The aim of the present study was to investigate the association between plasma intact PTH concentrations and the prevalence of AF in non-dialysis-dependent CKD patients.

Methods

Study Design

In the present cross-sectional study, baseline data from the Fukuoka Kidney Disease Registry (FKR) Study, an ongoing Japanese prospective multicenter cohort study of non-dialysis-dependent CKD patients, were analyzed. As described previously,¹⁷ the study population consisted of 4,476 outpatients, aged ≥16 years and under the care of a nephrologist at 1 of 12 clinical facilities in Fukuoka and Saga prefectures in the northern region of Kyushu, Japan. All patients had been diagnosed with CKD due to abnormal kidney structure or function of at least 3 months duration, based on the Kidney Disease: Improving Global Outcomes (KDIGO) criteria for CKD.¹⁸ Patient enrollment occurred between January 2013 and March 2017, and all patients were scheduled to be followed-up for at least 5 years. Of the 4,476 patients, 1,092 were excluded because of lack of data for either baseline characteristics or outcome. A detailed breakdown of the reasons for exclusion is shown in Supplementary Figure 1. Consequently, data from 3,384 patients were analyzed in the present study.

The study protocol conformed to the ethical guidelines of the 1975 Declaration of Helsinki and was approved by the Kyushu University Hospital Institutional Review Board for Clinical Research (No. 469-04). All patients provided written informed consent prior to participating in the study.

Demographic Factors and Biochemical Measurements

Demographic and clinical data were recorded at enrollment. These included age, sex, blood pressure, the use of angiotensin-converting enzyme inhibitors (ACEIs), angiotensin II receptor blockers (ARB), β-blockers, other antihypertensive agents, or diuretics, diabetes, hyperthyroidism, a history of ischemic heart diseases, body mass index (BMI), smoking status, and alcohol intake. The data were obtained from medical records or patient questionnaire (for smoking status and alcohol intake) by trained research coordinators.
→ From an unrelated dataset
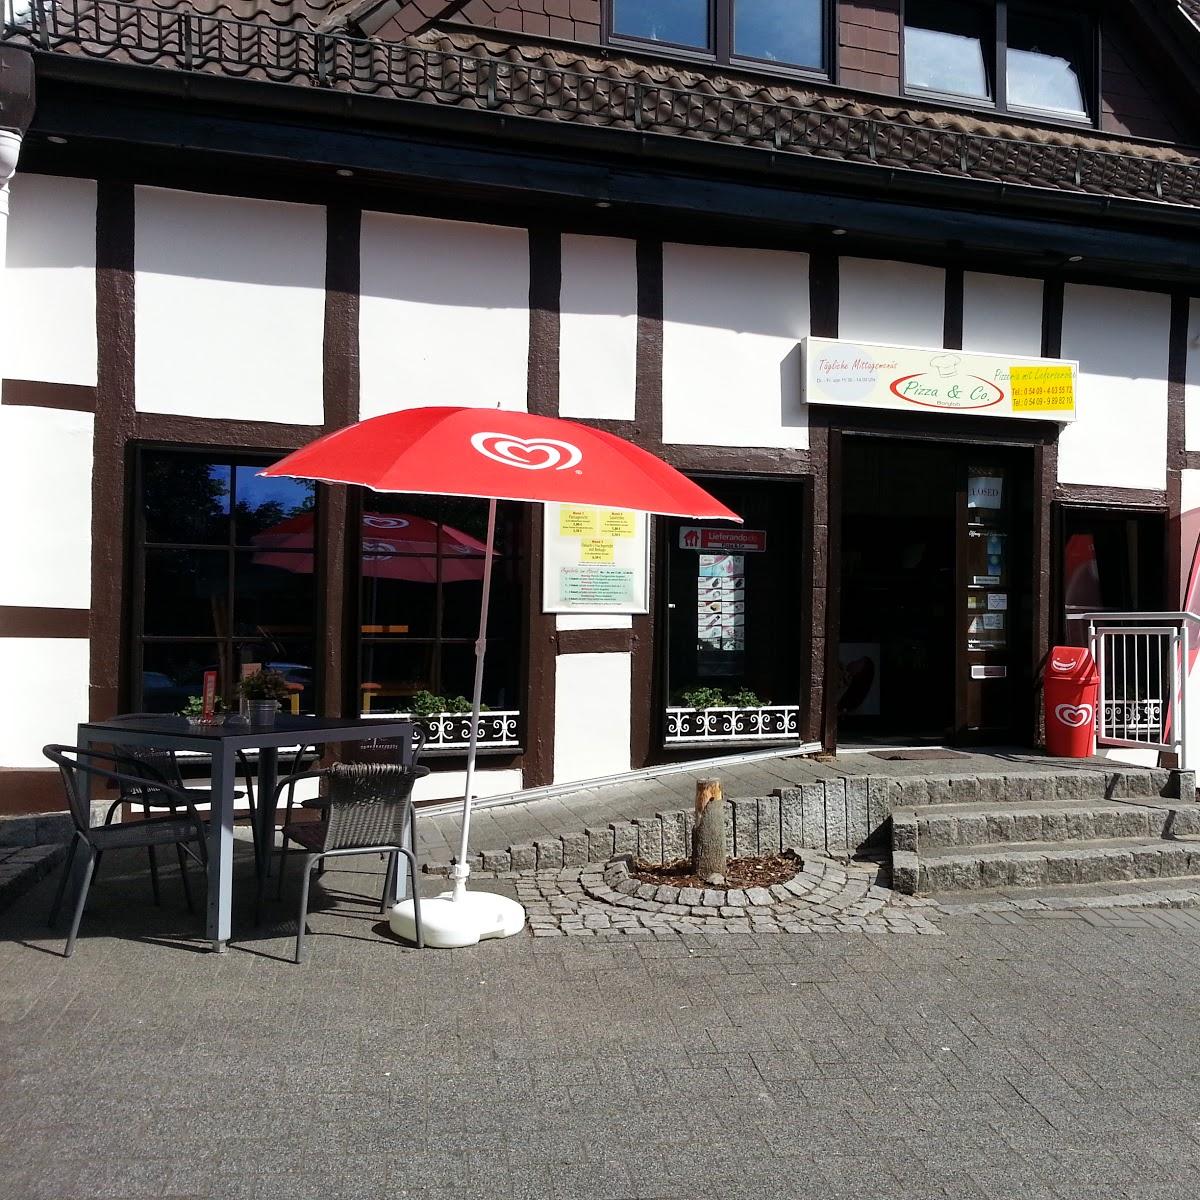 Restaurant "Pizza & Co. Lieferservice" in Hilter am Teutoburger Wald

Blood and serum biochemical parameters (i.e., hemoglobin, serum albumin, total cholesterol, high-density lipoprotein cholesterol [HDL-C], high-sensitivity C-reactive protein [hs-CRP], creatinine, albumin-corrected calcium, phosphate, plasma intact PTH, and urinary protein, creatinine, and phosphate) were determined by a central laboratory from blood and urine samples collected at the time of enrollment and stored at −80℃ until measurement. An albumin-corrected serum calcium concentration was calculated when serum albumin was <4 g/dL according to the formula of Payne et al.¹⁹ For patients <18 years of age, estimated glomerular filtration rate (eGFR; mL/min/1.73 m²) was calculated using the formula of Schwartz et al,²⁰ whereas in patients ≥18 years of age the following formula²¹ was used:

eGFR = 194 × creatinine^−1.094 × age^−0.287 (× 0.739 in women)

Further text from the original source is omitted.